What is needed
In the entries that follow, find each line with the word "Instagram" and copy it.

Source records
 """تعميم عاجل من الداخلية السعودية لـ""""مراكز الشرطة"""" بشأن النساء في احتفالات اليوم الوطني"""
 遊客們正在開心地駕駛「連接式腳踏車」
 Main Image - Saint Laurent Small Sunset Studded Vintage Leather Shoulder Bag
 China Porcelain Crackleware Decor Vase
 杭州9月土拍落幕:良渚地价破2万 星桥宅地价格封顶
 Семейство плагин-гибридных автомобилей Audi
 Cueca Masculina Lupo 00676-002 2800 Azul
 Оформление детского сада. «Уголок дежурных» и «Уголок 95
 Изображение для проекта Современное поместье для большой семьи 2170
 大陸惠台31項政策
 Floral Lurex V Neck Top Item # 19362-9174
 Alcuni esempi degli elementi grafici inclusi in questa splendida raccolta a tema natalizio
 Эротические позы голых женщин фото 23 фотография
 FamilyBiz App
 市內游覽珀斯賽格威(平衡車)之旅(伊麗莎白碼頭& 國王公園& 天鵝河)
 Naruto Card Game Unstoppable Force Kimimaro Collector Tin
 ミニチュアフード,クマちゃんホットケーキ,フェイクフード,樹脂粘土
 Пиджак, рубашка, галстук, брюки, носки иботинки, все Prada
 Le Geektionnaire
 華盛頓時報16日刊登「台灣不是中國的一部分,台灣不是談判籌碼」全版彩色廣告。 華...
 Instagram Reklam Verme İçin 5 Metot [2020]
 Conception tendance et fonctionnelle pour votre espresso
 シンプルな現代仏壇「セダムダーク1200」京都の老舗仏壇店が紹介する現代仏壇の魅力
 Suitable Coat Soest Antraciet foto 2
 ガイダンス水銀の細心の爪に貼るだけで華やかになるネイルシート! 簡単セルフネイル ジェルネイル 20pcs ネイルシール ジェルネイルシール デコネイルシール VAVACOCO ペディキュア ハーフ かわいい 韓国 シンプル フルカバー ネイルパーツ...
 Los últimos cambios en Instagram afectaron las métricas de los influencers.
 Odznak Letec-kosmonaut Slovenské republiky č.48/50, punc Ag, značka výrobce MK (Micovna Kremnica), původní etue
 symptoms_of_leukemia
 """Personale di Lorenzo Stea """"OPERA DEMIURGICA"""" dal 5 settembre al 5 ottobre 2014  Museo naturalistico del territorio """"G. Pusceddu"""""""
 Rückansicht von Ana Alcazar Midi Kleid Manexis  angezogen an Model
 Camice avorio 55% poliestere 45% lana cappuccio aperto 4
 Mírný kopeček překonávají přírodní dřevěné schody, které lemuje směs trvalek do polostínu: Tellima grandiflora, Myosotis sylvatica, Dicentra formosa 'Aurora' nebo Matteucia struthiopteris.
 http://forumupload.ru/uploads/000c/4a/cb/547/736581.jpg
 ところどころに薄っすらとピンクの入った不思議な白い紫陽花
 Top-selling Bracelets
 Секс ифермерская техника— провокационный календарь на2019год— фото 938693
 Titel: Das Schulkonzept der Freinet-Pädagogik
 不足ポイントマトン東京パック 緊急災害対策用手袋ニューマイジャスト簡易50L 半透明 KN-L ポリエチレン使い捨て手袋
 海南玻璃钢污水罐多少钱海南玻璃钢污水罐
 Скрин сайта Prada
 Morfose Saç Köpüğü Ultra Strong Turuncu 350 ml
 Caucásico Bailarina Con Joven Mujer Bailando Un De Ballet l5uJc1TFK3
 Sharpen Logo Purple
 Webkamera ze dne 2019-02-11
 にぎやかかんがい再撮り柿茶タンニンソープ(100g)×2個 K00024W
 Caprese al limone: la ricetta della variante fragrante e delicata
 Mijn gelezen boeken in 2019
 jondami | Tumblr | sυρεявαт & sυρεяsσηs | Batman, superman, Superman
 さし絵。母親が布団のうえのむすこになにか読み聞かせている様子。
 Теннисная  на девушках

Answer box
 Instagram Reklam Verme İçin 5 Metot [2020]
 Los últimos cambios en Instagram afectaron las métricas de los influencers.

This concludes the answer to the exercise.